**Aim of the task:**
Nothing but the lines from the start of the entries through the line containing "Fiji Rugby Jersey" should appear in the answer, each given exactly.

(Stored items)
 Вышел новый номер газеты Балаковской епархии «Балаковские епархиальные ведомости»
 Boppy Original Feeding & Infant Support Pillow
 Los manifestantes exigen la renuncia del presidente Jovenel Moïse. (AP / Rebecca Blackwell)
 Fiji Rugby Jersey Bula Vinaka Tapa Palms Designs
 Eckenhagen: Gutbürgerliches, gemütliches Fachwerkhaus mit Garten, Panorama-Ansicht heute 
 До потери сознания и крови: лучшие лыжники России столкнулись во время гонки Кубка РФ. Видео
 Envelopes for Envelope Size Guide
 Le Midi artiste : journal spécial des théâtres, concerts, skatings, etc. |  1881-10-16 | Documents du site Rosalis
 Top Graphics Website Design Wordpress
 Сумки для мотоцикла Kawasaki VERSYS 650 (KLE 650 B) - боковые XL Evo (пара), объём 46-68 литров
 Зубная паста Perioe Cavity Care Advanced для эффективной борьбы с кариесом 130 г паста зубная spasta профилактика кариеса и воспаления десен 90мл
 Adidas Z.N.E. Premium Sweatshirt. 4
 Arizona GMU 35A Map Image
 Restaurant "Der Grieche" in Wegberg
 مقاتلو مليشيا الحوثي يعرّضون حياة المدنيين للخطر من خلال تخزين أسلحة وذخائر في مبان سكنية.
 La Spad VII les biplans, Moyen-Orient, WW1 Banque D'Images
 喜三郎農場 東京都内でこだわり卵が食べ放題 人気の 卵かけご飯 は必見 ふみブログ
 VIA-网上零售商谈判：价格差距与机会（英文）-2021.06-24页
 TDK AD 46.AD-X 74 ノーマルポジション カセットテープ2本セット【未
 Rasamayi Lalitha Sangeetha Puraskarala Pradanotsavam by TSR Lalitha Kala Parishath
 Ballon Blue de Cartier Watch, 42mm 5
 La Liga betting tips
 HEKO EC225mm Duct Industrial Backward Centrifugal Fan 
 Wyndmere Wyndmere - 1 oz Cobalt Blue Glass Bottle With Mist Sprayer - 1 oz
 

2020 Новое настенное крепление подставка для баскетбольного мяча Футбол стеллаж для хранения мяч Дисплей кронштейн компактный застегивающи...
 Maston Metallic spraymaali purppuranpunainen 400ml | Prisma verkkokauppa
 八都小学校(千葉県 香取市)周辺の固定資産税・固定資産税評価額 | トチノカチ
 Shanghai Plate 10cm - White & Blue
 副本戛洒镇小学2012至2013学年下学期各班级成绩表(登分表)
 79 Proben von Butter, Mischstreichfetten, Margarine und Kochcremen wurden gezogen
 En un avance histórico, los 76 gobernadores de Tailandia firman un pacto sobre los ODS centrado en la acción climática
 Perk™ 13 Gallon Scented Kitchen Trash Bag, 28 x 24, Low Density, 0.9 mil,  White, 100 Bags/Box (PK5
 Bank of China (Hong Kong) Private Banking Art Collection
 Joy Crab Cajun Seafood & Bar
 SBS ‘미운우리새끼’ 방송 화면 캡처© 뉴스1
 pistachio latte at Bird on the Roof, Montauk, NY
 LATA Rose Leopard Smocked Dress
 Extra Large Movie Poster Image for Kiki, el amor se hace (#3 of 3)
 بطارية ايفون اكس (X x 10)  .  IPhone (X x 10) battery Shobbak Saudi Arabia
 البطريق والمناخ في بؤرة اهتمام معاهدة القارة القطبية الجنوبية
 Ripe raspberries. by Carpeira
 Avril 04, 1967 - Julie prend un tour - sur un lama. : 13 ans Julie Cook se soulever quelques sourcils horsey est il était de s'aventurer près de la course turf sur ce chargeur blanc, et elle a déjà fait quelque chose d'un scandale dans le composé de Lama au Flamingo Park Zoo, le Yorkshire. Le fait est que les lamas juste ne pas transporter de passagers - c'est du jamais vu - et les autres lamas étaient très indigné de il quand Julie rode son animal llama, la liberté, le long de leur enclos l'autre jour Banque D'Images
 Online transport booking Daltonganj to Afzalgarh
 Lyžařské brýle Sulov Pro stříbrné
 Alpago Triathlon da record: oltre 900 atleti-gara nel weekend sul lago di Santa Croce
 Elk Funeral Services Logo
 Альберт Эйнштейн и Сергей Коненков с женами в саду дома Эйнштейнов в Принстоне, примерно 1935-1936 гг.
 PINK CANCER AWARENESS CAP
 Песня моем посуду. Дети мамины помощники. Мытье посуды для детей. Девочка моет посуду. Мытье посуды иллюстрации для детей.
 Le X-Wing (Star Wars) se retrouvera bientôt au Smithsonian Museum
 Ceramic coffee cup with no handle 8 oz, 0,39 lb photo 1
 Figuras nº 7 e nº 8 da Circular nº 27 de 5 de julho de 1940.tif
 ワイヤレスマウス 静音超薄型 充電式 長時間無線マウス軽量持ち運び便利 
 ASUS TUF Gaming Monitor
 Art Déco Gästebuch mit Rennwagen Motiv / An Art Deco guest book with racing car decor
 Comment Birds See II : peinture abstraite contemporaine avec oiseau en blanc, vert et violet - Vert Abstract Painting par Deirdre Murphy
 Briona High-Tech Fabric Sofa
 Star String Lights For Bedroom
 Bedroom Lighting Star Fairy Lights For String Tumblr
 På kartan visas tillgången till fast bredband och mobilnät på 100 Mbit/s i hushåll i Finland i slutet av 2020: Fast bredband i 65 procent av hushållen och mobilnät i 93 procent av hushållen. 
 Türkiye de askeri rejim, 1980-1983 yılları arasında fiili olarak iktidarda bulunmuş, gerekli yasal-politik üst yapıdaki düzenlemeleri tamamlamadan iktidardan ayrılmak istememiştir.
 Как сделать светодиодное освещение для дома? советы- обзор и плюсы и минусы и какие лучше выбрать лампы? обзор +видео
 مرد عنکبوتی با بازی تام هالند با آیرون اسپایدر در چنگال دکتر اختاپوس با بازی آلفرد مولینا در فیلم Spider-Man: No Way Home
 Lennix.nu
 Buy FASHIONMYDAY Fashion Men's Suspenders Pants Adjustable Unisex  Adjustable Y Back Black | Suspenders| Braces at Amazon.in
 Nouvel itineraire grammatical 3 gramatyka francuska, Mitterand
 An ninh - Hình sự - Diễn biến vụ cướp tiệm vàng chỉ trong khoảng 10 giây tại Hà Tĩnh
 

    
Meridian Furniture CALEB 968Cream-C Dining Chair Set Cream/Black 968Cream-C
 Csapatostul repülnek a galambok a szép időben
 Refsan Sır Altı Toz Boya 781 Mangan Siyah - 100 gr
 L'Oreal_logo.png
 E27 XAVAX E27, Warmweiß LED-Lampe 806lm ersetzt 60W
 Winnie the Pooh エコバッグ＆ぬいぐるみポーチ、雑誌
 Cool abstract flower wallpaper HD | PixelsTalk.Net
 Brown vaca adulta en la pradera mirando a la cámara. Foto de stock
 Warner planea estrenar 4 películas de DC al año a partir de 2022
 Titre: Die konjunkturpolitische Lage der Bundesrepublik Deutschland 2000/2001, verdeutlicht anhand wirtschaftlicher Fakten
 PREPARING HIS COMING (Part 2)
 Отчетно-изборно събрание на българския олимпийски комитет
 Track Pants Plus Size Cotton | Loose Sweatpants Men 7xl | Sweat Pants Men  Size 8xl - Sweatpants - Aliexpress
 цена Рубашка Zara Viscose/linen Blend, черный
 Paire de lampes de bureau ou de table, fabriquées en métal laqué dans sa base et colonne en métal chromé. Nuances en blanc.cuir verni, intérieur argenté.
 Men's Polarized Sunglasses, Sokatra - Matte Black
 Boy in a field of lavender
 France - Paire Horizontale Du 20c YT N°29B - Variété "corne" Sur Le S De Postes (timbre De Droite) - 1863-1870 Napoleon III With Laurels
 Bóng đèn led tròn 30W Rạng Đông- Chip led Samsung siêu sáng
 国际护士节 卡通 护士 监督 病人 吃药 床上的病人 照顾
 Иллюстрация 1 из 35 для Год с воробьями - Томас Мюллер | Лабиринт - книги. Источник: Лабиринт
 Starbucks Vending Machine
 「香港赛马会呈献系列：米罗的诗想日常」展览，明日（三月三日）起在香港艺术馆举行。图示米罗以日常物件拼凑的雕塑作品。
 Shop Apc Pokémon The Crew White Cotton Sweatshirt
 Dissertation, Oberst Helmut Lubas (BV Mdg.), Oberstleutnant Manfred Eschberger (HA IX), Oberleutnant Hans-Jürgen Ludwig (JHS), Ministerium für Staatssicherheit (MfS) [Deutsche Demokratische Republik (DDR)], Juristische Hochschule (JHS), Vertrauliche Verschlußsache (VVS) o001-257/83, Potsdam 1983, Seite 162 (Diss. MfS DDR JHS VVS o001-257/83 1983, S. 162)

**Result:**
 Вышел новый номер газеты Балаковской епархии «Балаковские епархиальные ведомости»
 Boppy Original Feeding & Infant Support Pillow
 Los manifestantes exigen la renuncia del presidente Jovenel Moïse. (AP / Rebecca Blackwell)
 Fiji Rugby Jersey Bula Vinaka Tapa Palms Designs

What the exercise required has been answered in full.